‘Dune: Part Two’ Is a Cliffhanger—But It May Be Years Before Part Three Arrives

The end, it turns out, is not near. Without revealing any details from the finale of Dune: Part Two, fans of Denis Villeneuve’s ethereal space epic should enter it braced for something of a cliff-hanger rather than a full-on resolution to the saga of Timothée Chalamet’s futuristic warrior prince.

When Villeneuve set out to adapt Frank Herbert’s 1965 novel, about warring factions on a valuable but desolate sand world, he cleaved the narrative neatly into two parts. Since then, he has openly speculated about also adapting Herbert’s 1969 sequel, Dune: Messiah, to transform the two-parter into a trilogy. In Dune: Part Two, which opens on March 1, Villeneuve creates a path to that next installment, but notes that this isn’t his own invention. It remains faithful to Herbert’s climax in the original novel.

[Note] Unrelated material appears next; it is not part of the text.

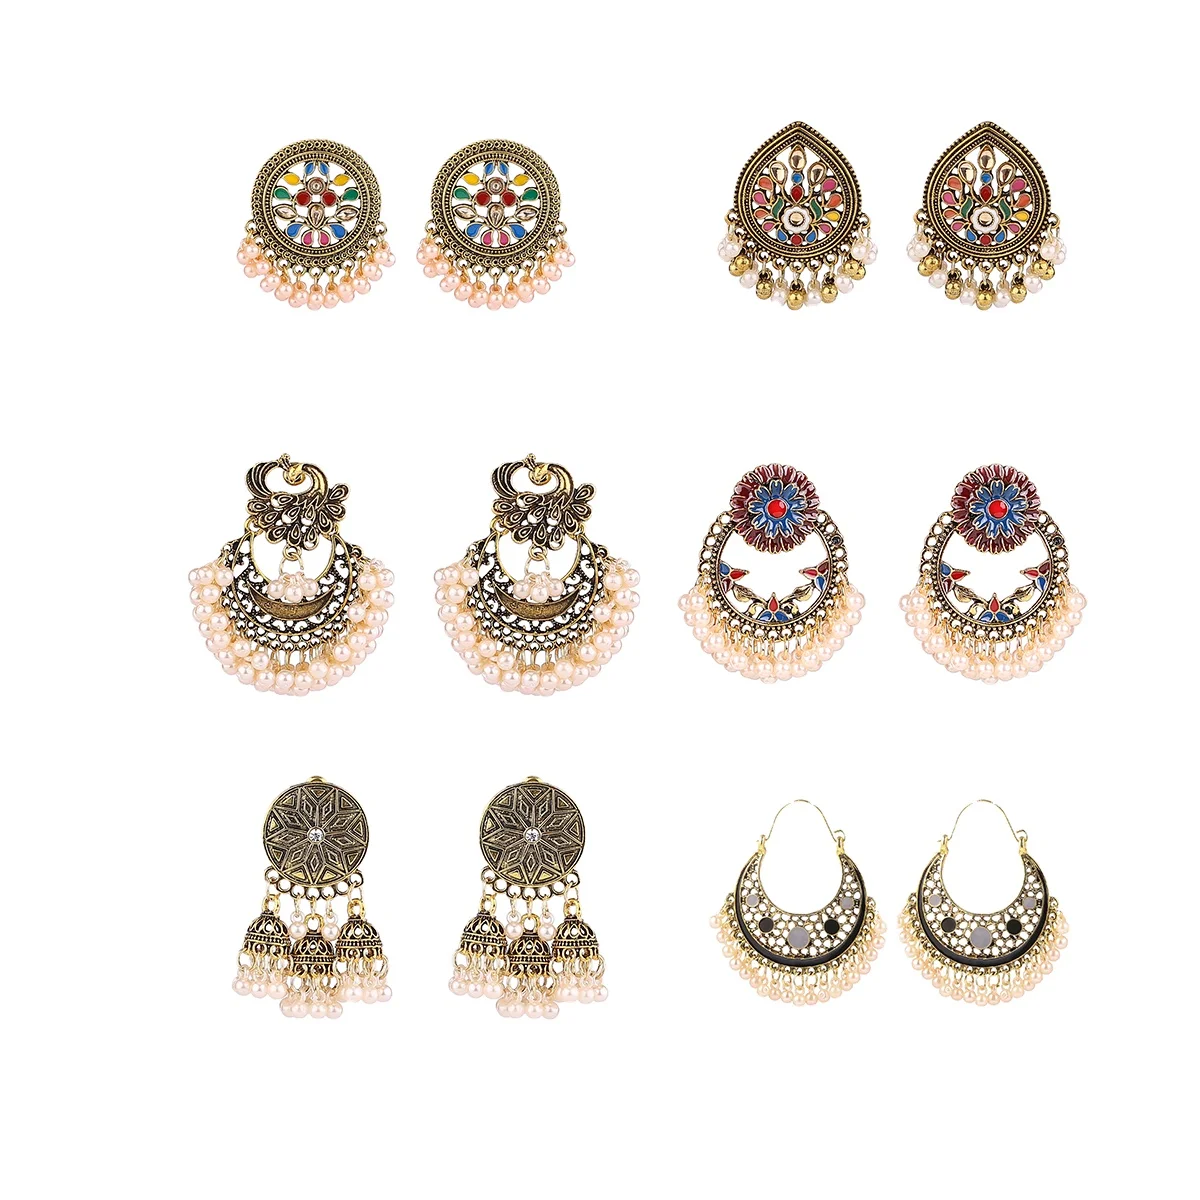 

New Arrival Retro Court Style Sector Indian Jewelry Earrings Traditional Small Pearl Drop Jhumka Womans Earring Set, Gold/silver/black/blue/mix/green/pink

“That’s how the book ends,” Villeneuve tells Vanity Fair. “The Dune book ends with the beginning of something that is out of control, and I thought this was a very powerful ending. I feel that both movies complete the adaptation of the book, and I feel very good about that. When people ask me, is there a world where I could do Messiah? Yes…”

The Messiah novel takes place 12 years after the conclusion of the first book, so Chalamet’s Paul Atreides may be hanging from that cliff for a while before the audience revisits his situation. “I will respect again Frank Herbert’s idea to jump in time. That’s what I would love to do,” Villeneuve says.

Although Villeneuve has cleared a path for that next installment, he’s not sure yet when he wants to make the journey in his own personal timeline. “I did Part One and Part Two back-to-back,” he says. “I remember that the next morning after the Academy Awards ceremony, I was having a chat with Jane Campion…[who had just won best director for The Power of the Dog]. Jane was saying to me, ‘Oh, I’m going on a retreat to meditate for a month now.’ Another director was saying, ‘I’m going on this island to have fun with my family for three weeks. I need a six-month break right now.’”

He and his wife, Tanya Lapointe, a producer of the Dune movies, had no such breather. “Tanya and I, we were going back to Budapest and our crew was waiting for us. We were in full pre-production. We didn’t have a second to rest between Part One and Part Two,” Villeneuve says. “I’m not complaining! I’m explaining that now I would just like to settle down a little bit and to think about how to approach a third chapter, the adaptation of Dune: Messiah, which makes absolute sense because it’s the end of the arc of Paul Atreides.”

Herbert wrote several other Dune novels, progressing through subsequent generations of his searing universe, but Villeneuve, who was a fan of the books as a child, finds himself most closely aligned with Chalamet’s character. 

That doesn’t mean he intends to wait a dozen years to get back to work. The filmmaker says a break from Dune would help recharge his creativity and hopefully encourage him to take some bigger risks as the trilogy reaches its finale.

“I want to make sure that if we go back there a third time that it’ll be worth it, and that it would make something even better than Part Two,” Villeneuve says. “It needs to be different. I don’t want to fall into dogmas. I don’t want to fall into a vocabulary that has been predefined by the first two movies. I would love to make something different. We are figuring that out right now.”

The in-between time he seeks before returning relates mainly to producing and actually shooting a third Dune. Villeneuve admits that he has already started writing. “The screenplay’s in progress. I’m very happy where it’s going, but it’s not finished, and I don’t know how healthy it’ll be to go straight to Messiah right away,” he says. “It would be healthy to do something in between.”